Your browser doesn’t support HTML5
– Когда вы говорите о восстановлении этого культурного наследия, что вы имеете в виду? Как это будет происходить?
– Есть несколько групп ученых, которые работали над тем, чтобы сохранить как можно больше информации о древнем городе. Некоторые памятники и источники информации уже никогда не будут восстановлены. Например, на древних колоннах хранилась информация о торговцах, которые путешествовали из Пальмиры по всему региону, часто до Евфрата и берега Персидского залива, а некоторые – уже 2 тысячелетия назад – даже до Бахрейна и Индии. Все эти записи теперь навсегда потеряны. Но у нас есть фотографии этих документов. Надо будет решить, будем ли мы восстанавливать эти строения? Группа ученых работала над трехмерным воссозданием этих колонн. Это важный проект, который уже был начат несколькими университетами. Но этот проект займет много времени, он будет зависеть во многом от того, сколько средств выделит ЮНЕСКО, сколько сможет дать сама Сирия. В других случаях, например, камни были перемещены, сдвинуты, унесены и выброшены в другие места. Есть процесс в археологии, который называется анастилоз, когда ученые решают построить строение в точном соответствии с тем, как оно выглядело. Так что я надеюсь, что процесс будет развиваться в двух направлениях – в компьютерном моделировании того, что было, и в физическом восстановлении памятников на месте.

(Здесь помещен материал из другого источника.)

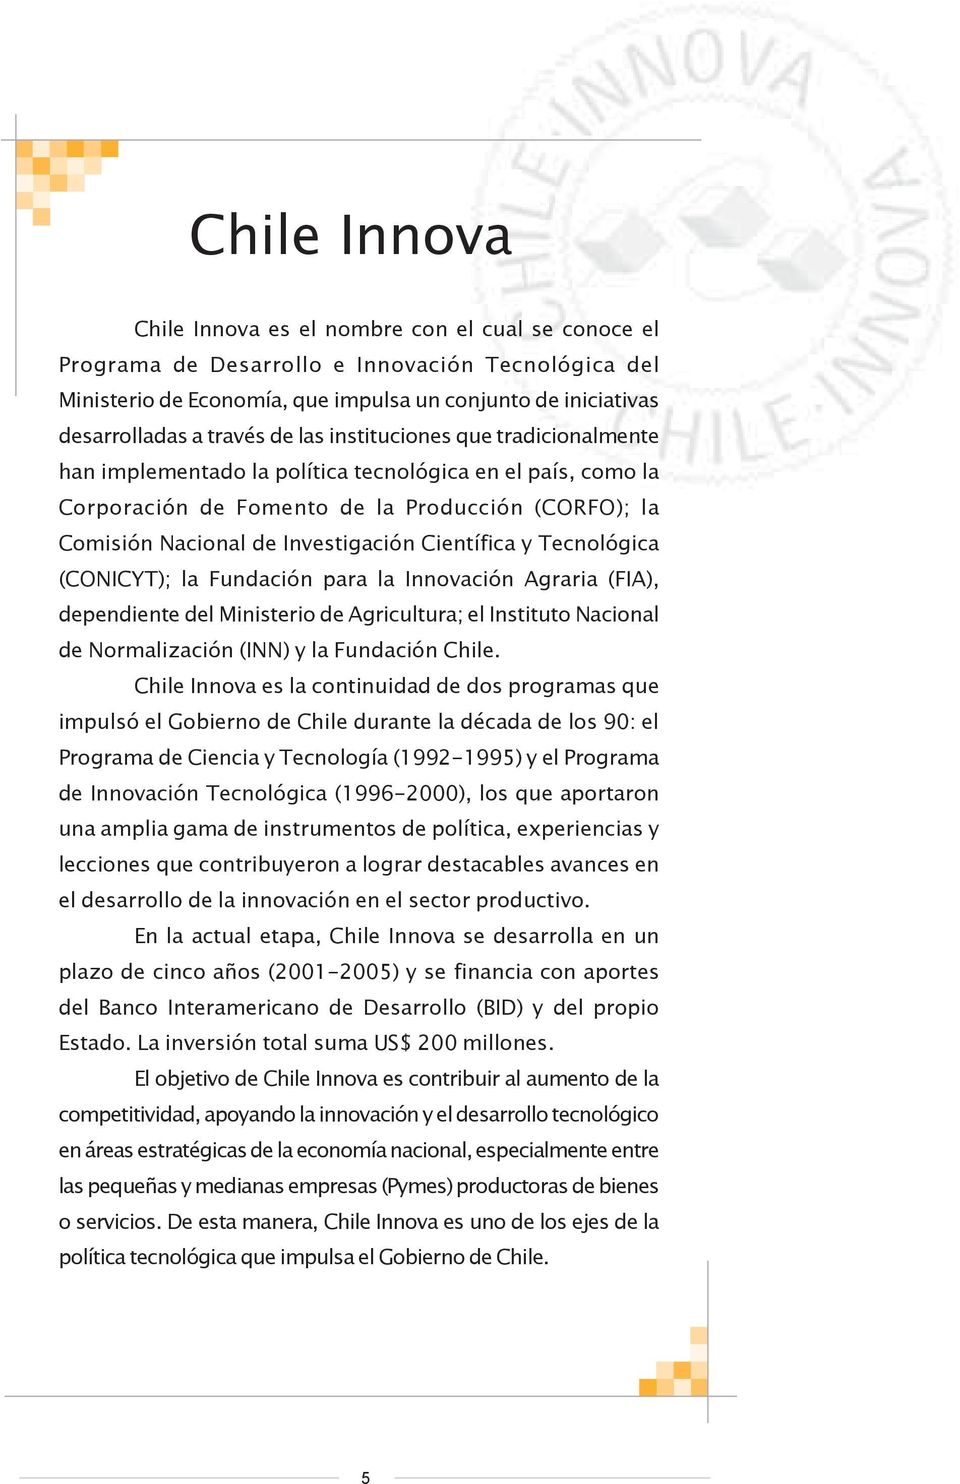 Científica y Tecnológica (CONICYT); la Fundación para la Innovación Agraria (FIA), dependiente del Ministerio de Agricultura; el Instituto Nacional de Normalización (INN) y la Fundación Chile.

– Какое наследие оставил после себя Халед аль-Асаад, убитый боевиками ИГИЛа?
– Директор музея, его хранитель, он был чрезвычайно важен для сохранения и познания Пальмиры. Он работал с польским профессором Михалом Гавликовским, с несколькими группами из Норвегии. От него пытались получить информацию о спрятанных сокровищах, потому что часть экспонатов музея была спрятана – чтобы террористы не смогли их украсть. Думаю, что без него будет сложно восстановить полную картину Пальмиры. Потому что этот человек был живой легендой и живой памятью города Пальмира. Это огромная трагедия. Он родился в Пальмире, провел в ней всю свою жизнь и всю свою жизнь посвятил археологии. Его знания невозможно заменить, их невозможно восстановить. Но есть много групп ученых, которые работали в Пальмире и которые сейчас должны сформировать международный консилиум. Есть ученые во Франции, в Великобритании, в Польше, в Италии. В прошлом декабре они встречались в Афинах. Так что знания есть, но нет ничего более ценного, чем жизнь одного этого человека, проведшего все свои годы на развалинах Пальмиры. Он знал каждую ее черточку, каждый предмет. Музей Пальмиры был его детищем, его ребенком. Это не то, что мы все, кто ведет исследования и работают над объектом.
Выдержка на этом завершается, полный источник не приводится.